Noor Inyat Khan had been an unlikely agent for the Special Operations Executive, many of the staff at her training school believed she was too naive and honest to survive the treacherous world of spying. Yet she was fluent in French and an accomplished radio operator, and she was sent to France to support the French Resistance in preparations for D-Day.
She arrived in Paris at a particularly dangerous time. The Gestapo had begun to unravel the Prosper/Physician network which she had joined, and made mass arrests of men and women in the Resistance movement. She became the only SOE radio operator to remain working in Paris, occupying a vital position. Even though it became obvious that the Gestapo had her description and were actively looking for her, she chose to remain in Paris and continued her work.
She was eventually arrested just four months after arriving in France. She was to demonstrate a stubborn resistance to the Gestapo’s interrogation and was soon recognised as a difficult and dangerous prisoner because of her escape attempts.
Eventually she was taken, with three other SOE agents, Yolande Beekman, Madeleine Damerment and Eliane Plewman, to Dachau concentration camp. All four were executed in the early hours of 13th September 1944, accounts vary as to how they were treated prior to execution.
The George Cross citation:
Assistant Section Officer Nora INAYAT-KHAN was the first woman operator to be infiltrated into enemy occupied France, and was landed by Lysander aircraft on 16th June, 1943. During the weeks immediately following her arrival, the Gestapo made mass arrests in the Paris Resistance groups to which she had been detailed.
She refused however to abandon what had become the principal and most dangerous post in France, although given the opportunity to return to England, because she did not wish to leave her French comrades without communications and she hoped also to rebuild her group. She remained at her post therefore and did the excellent work which earned her a posthumous Mention in Despatches.
The Gestapo had a full description of her, but knew only her code name “Madeleine”. They deployed considerable forces in their effort to catch her and so break the last remaining link with London. After 3 months she was betrayed to the Gestapo and taken to their H.Q. in the Avenue Foch.

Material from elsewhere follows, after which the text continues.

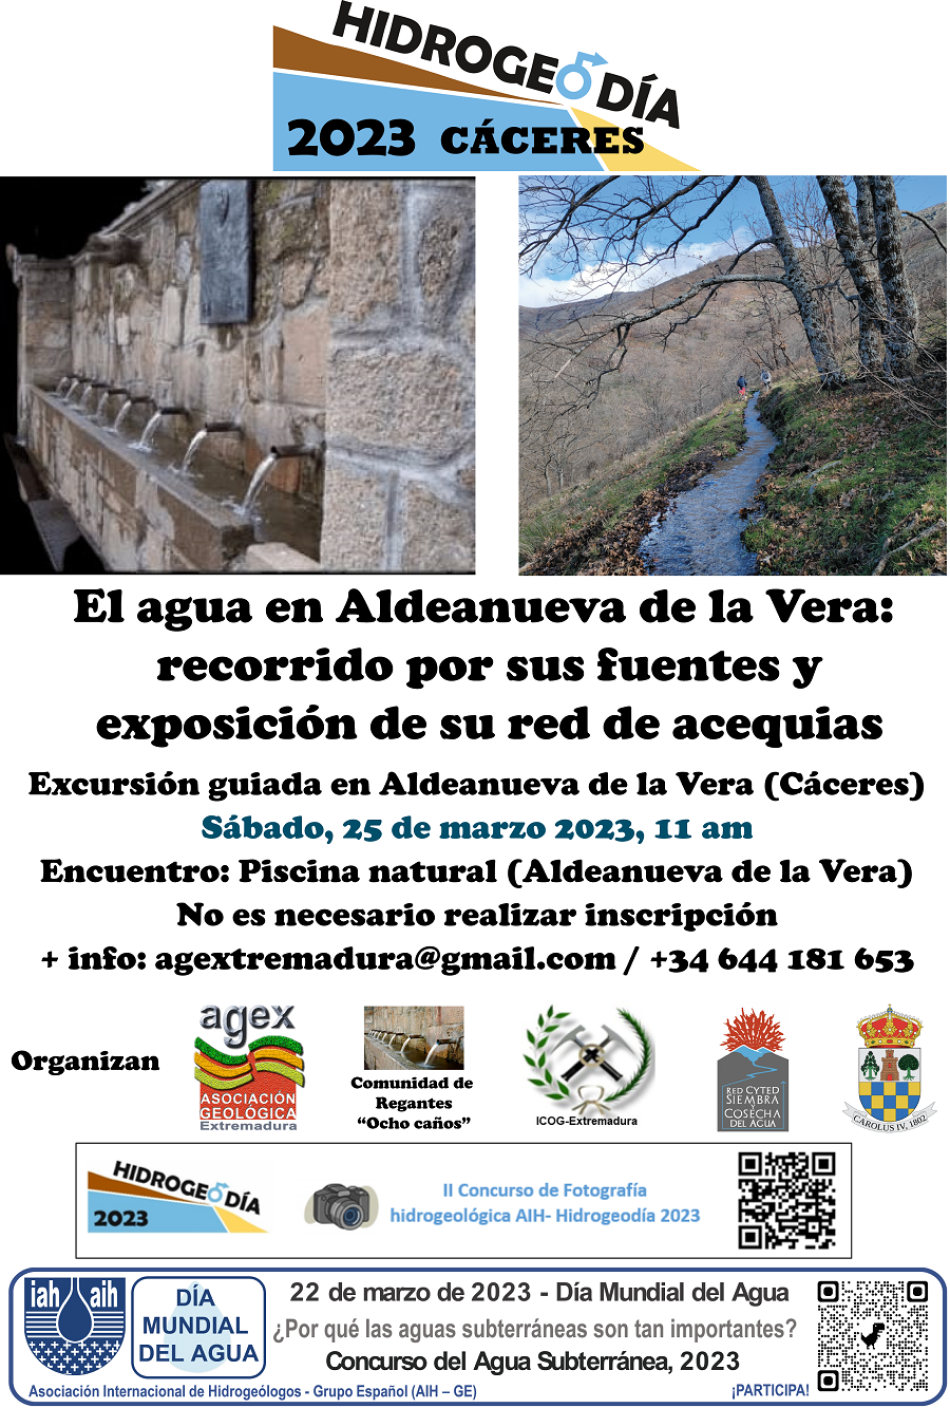 Jornada de divulgación hidrogeológica en Aldeanueva de la Vera (Cáceres) con motivo del Día Mundial del Agua

The Gestapo had found her codes and messages and were now in a position to work back to London. They asked her to co-operate, but she refused and gave them no information of any kind. She was imprisoned in one of the cells on the 5th floor of the Gestapo H.Q. and remained there for several weeks during which time she made two unsuccessful attempts at escape. She was asked to sign a declaration that she would make no further attempts but she refused and the Chief of the Gestapo obtained permission from Berlin to send her to Germany for “safe custody”. She was the first agent to be sent to Germany.
Assistant Section Officer INAYAT-KHAN was sent to Karlsruhe in November; 1943, and then to Pforzheim where her cell was apart from the main prison. She was considered to be a particularly dangerous and unco-operative prisoner. The Director of the prison has also been interrogated and has confirmed that Assistant Section Officer INAYAT-KHAN, when interrogated by the Karlsruhe Gestapo, refused to give any information whatsoever, either as to her work or her colleagues.
She was taken with three others to Dachau Camp on the 12th September, 1944. On arrival, she was taken to the crematorium and shot.
Assistant Section Officer INAYAT-KHAN displayed the most conspicuous courage, both moral and physical over a period of more than 12 months.
As a woman and a Muslim the Noor Inayat Khan story has found resonance in recent years. The Noor Inyat Khan Memorial Trust promotes peace and understanding in her name. A recently released film Enemy of the Reich tells her story.